Giant City State Park - courtesy of Illinois Department of Natural Resources

The Top Three Choices Offer Opportunities for Viewing the "Giant City Streets," Hiking to Waterfalls, and Viewing Bird Migration.

Giant City State Park

(Makanda, IL)
Phone: 618-457-4836
With its natural beauty and plentiful opportunities for outdoor recreation, Giant City State Park has something to delight visitors of all ages. From camping and horseback riding to fishing and rappelling, it’s an outdoor lover’s paradise. Visitors can explore the many wilderness trails, and a sure treat awaits anyone hiking the Giant City Nature Trail, home of the “Giant City Streets,” formed 12,000 years ago by huge bluffs of sandstone.

Nestled in the Shawnee National Forest, just minutes south of Carbondale, the area was named for the unique impressions made by its massive sandstone structures. Eons of geological faulting and folding have molded a unique landscape, which is now clothed in lush garments of fern, moss, large flowering mints, hundreds of species of wild flowers and 75-plus varieties of towering trees. The natural splendor of Giant City has made it a renowned retreat that attracts more than 1.2 million visitors annually.

Starved Rock State Park

(Utica, IL)
Phone: 815-667-4726
Whether you enjoy hiking along the nature trails or viewing the many spectacular overlooks along the Illinois River, recreational opportunities abound at , including picnicking, fishing, boating, horseback riding and camping.

The backdrops for your activities are 18 canyons formed by glacial meltwater and stream erosion. They slice dramatically through tree-covered, sandstone bluffs for four miles at Starved Rock State Park, which is located along the south side of the Illinois River, one mile south of Utica and midway between the cities of LaSalle-Peru and Ottawa. The park is best known for its fascinating rock formations, primarily St. Peter sandstone, laid down in a huge shallow inland sea more than 425 million years ago and later brought to the surface. During early spring, when the end of winter thaw is occurring and rains are frequent, sparkling waterfalls are found at the heads of all 18 canyons, and vertical walls of moss-covered stone create a setting of natural geologic beauty uncommon in Illinois. The Annual Wildflower Pilgrimage in May is another good reason for a spring visit to the park.
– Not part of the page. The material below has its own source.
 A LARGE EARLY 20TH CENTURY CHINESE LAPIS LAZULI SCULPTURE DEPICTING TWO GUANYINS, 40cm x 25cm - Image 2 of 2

Mississippi Palisades State Park

(Savanna, IL)
Phone: 815-273-2731
The Native American pathfinders along the rock palisades of the Mississippi River did as present-day hikers do – in coursing the bluffs, they took the paths of least resistance. The trails at the Mississippi Palisades, especially the park’s southern routes, put you in touch with the past. Walk them and you’ll trace the footsteps of all those who came before you, some of whom came this way nearly a thousand years ago.

Located near the confluence of the Mississippi and Apple rivers in northwestern Illinois, the 2,500-acre Mississippi Palisades State Park is rich in American Indian history. Each spring and summer the valleys and slopes are dappled with the blooms of trillium, bluebell, lobelia, shooting star and yellow ladies’ slipper.
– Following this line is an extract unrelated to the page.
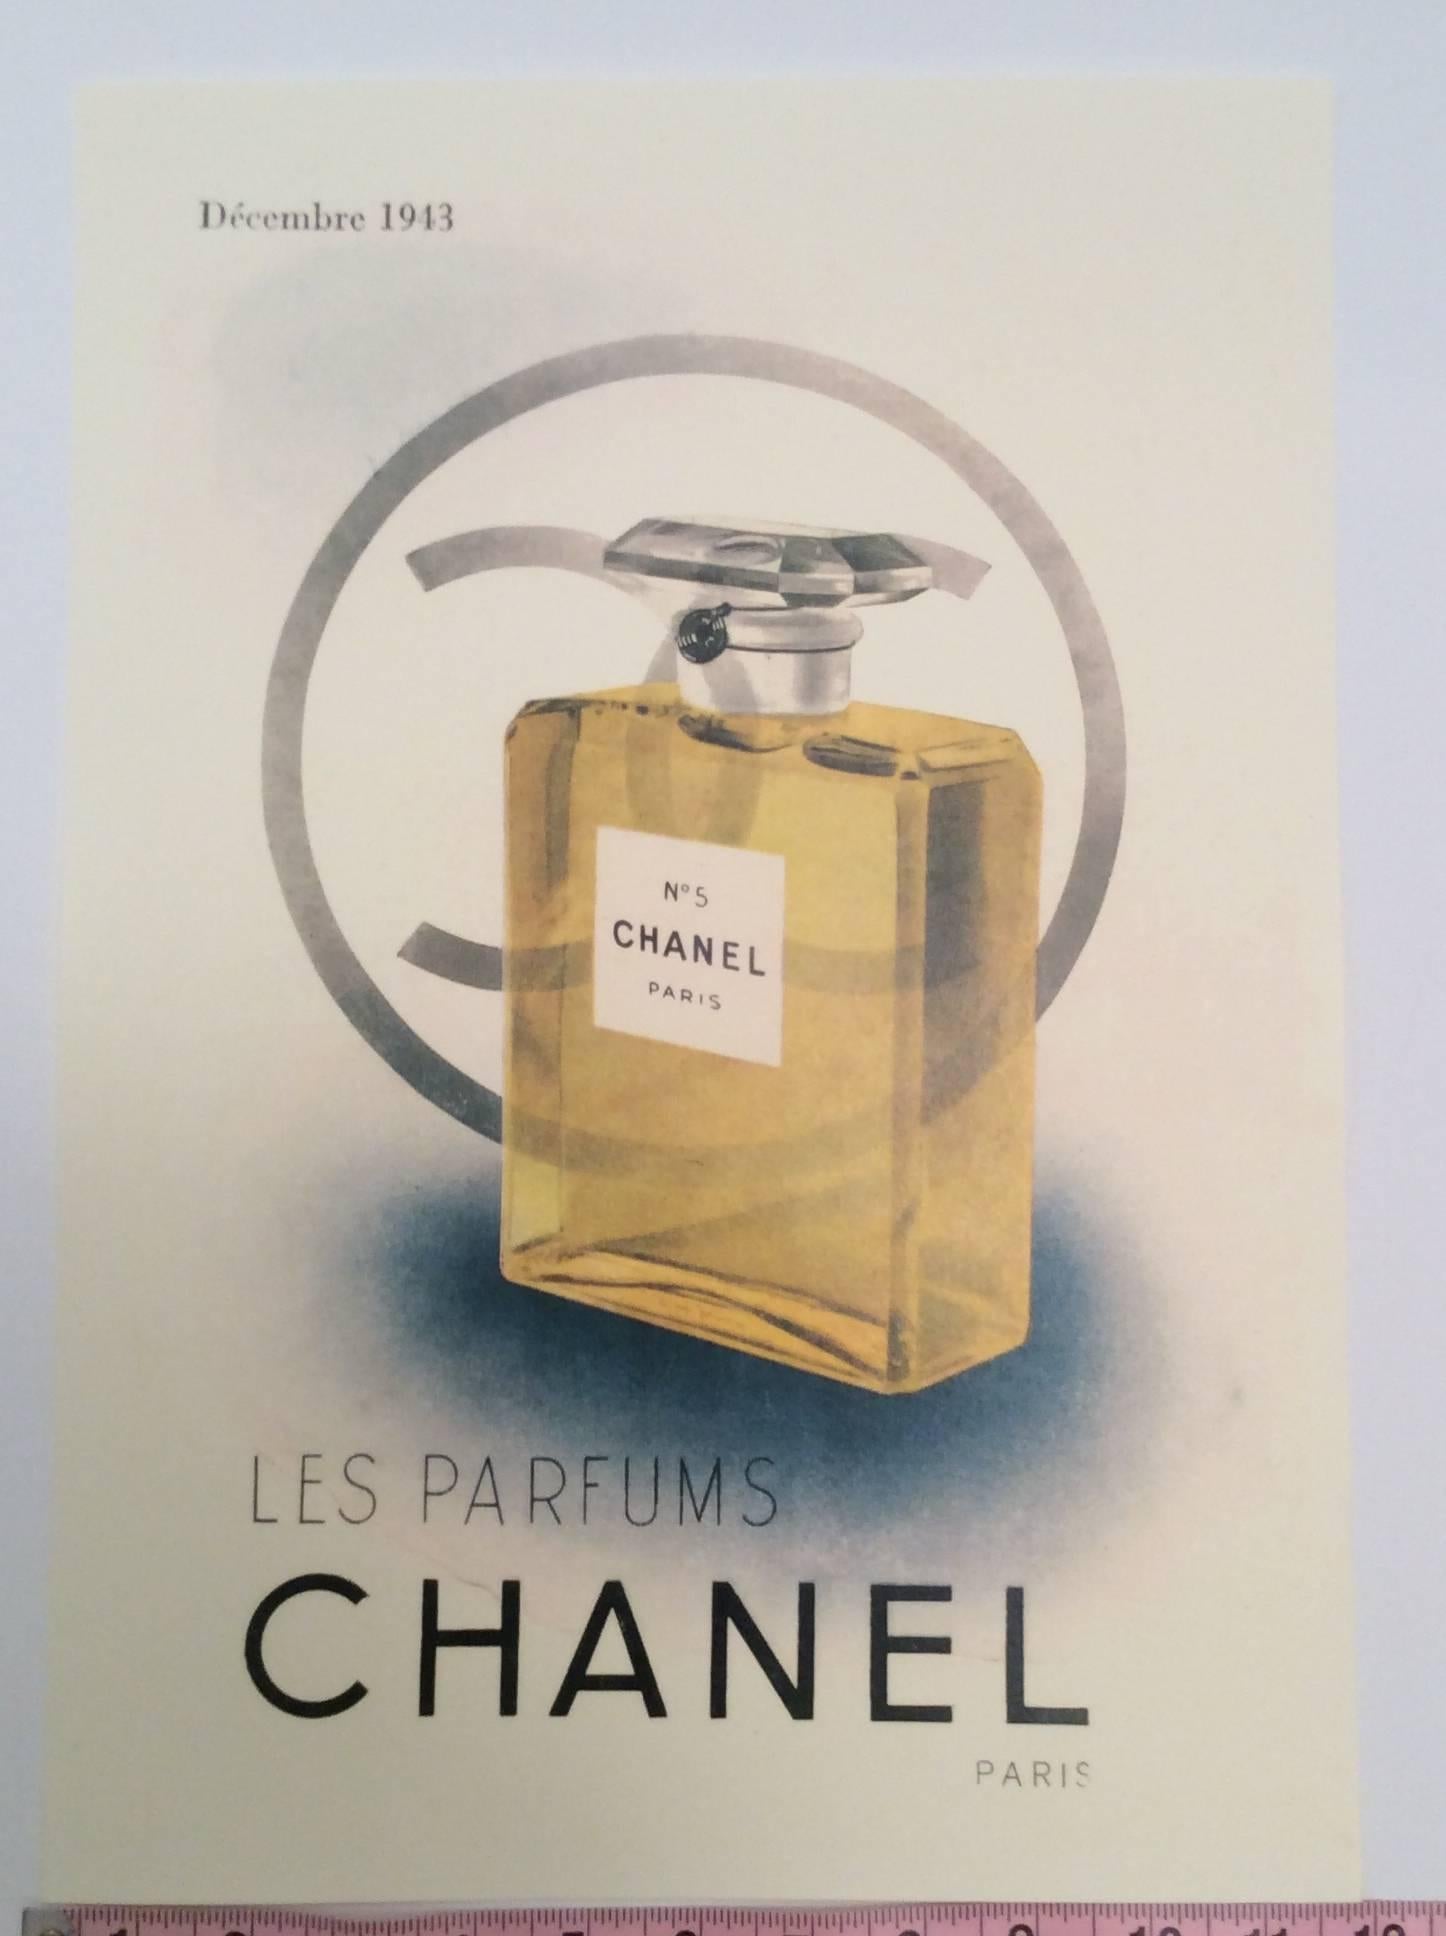 This beautiful print of an ad from the 1940's for Chanel is a gorgeous rendering of a perfume bottle in color. The ad is printed on professional print stock and makes for a perfect addition to any personal art or fashion collection. Excellent for

Animal life, within the park and the river areas immediately adjoining it, is varied. Waterfowl and shorebirds are numerous, as are wild turkeys. Striking pileated woodpeckers make their home in the park, and depending on ice conditions, eagles feed at the river in January and February. Because so many birds migrate along the river, their lyrical songs can be heard at the Mississippi Palisades each spring and fall.